BEGIN
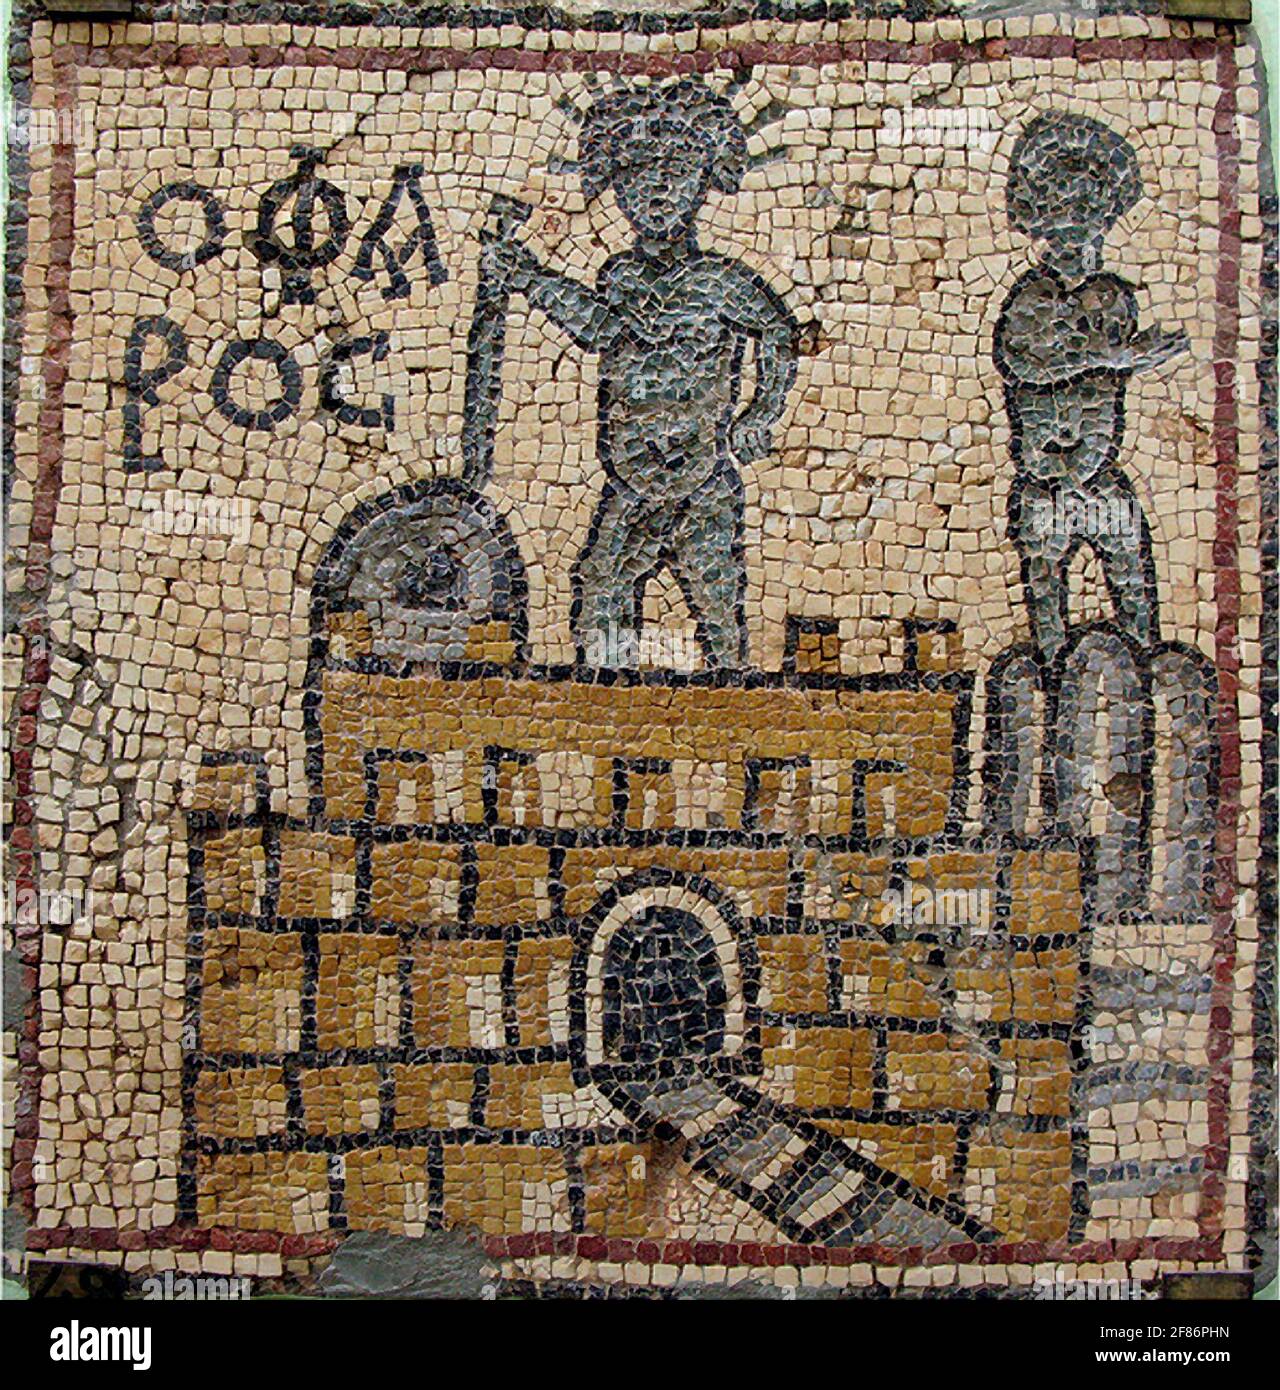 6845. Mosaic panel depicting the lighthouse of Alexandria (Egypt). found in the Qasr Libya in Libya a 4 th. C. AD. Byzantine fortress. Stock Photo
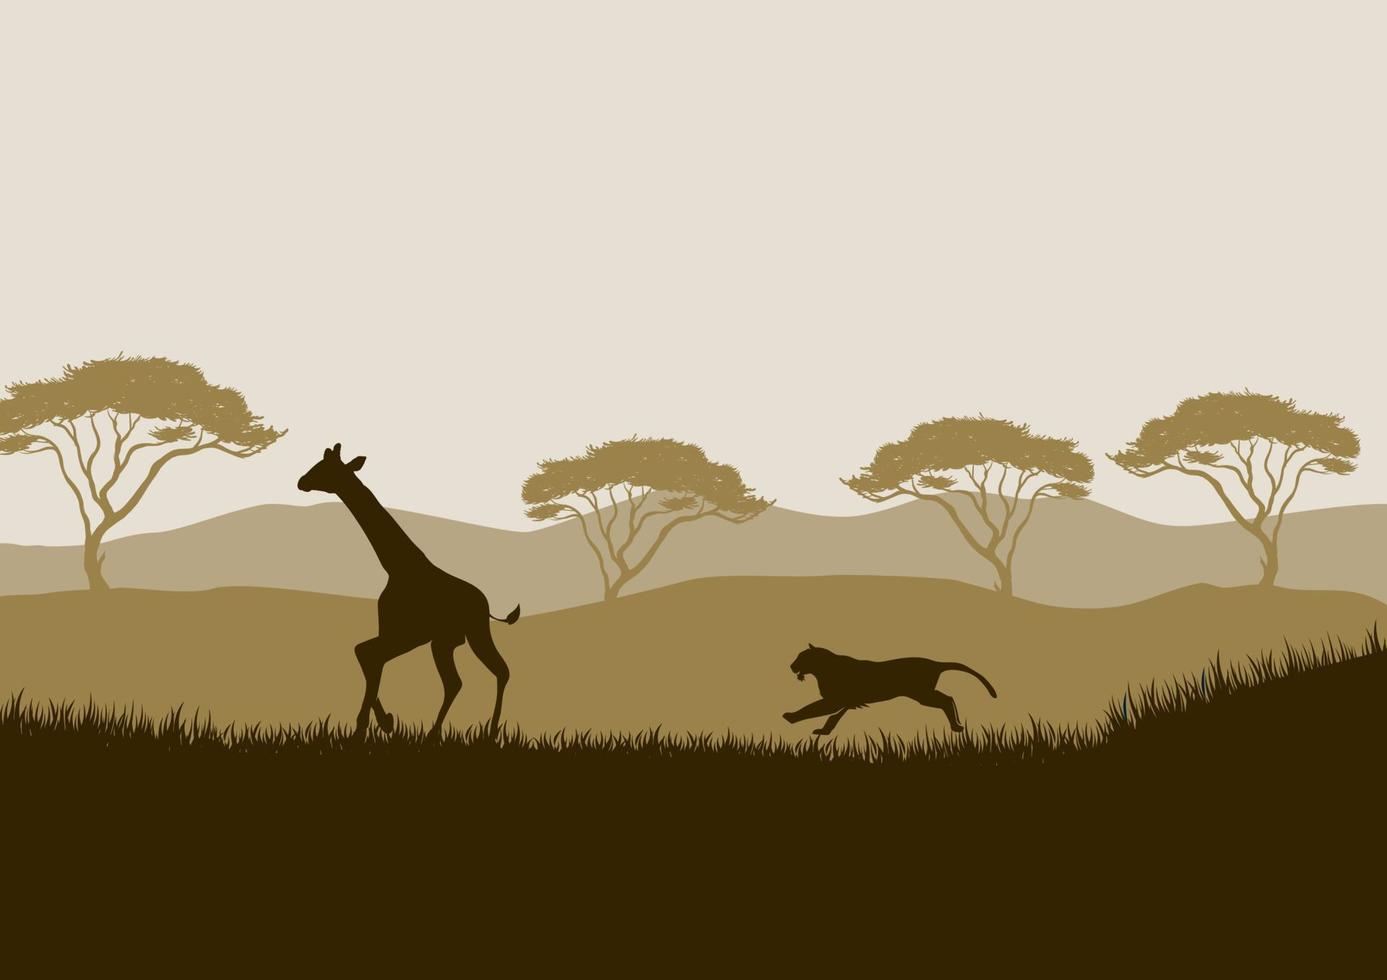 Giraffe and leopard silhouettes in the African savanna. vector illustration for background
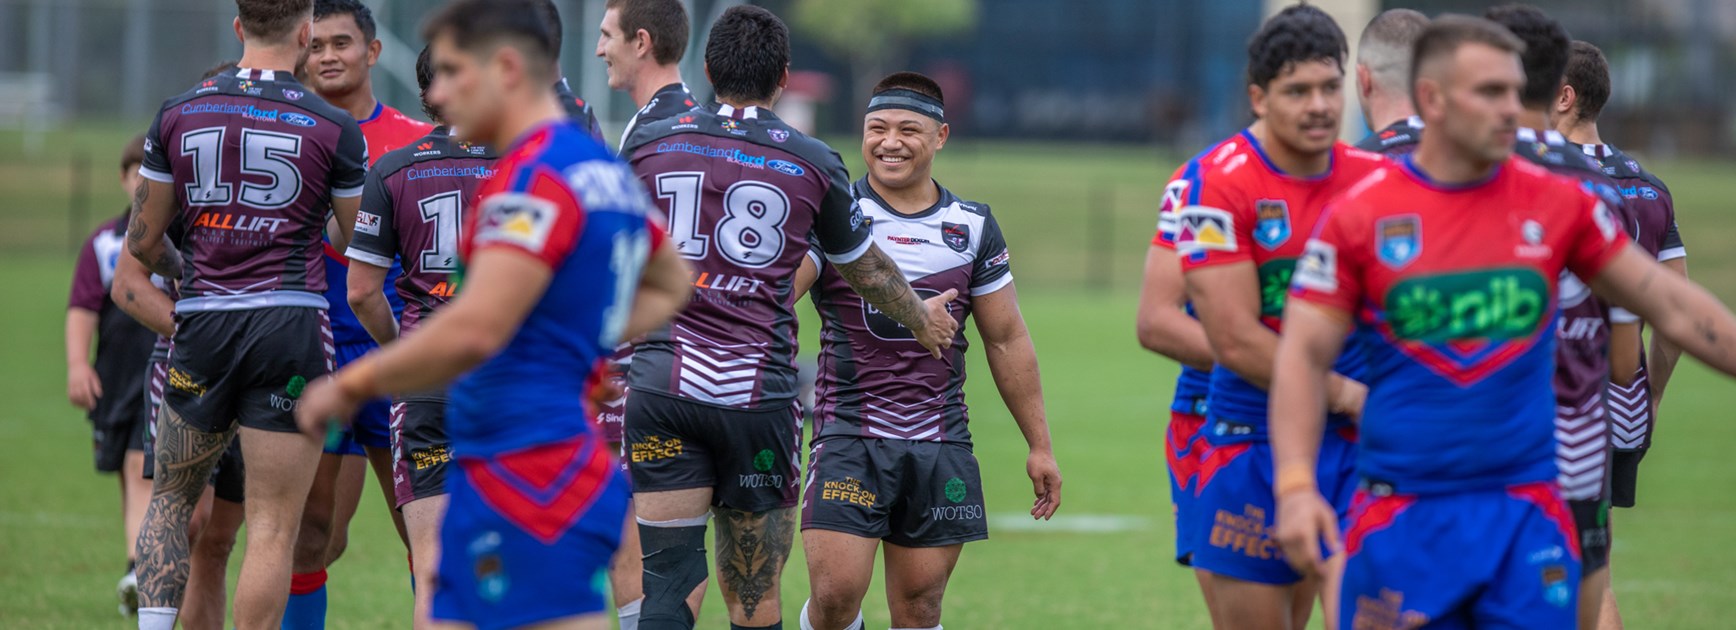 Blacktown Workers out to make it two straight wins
END
[Exercise objective]: The lines to repeat run from the line containing "Giraffe and leopard" through the end of the listing above, both included; give them exactly and without pictures.

[Solution to the exercise]:
 Giraffe and leopard silhouettes in the African savanna. vector illustration for background
 Blacktown Workers out to make it two straight wins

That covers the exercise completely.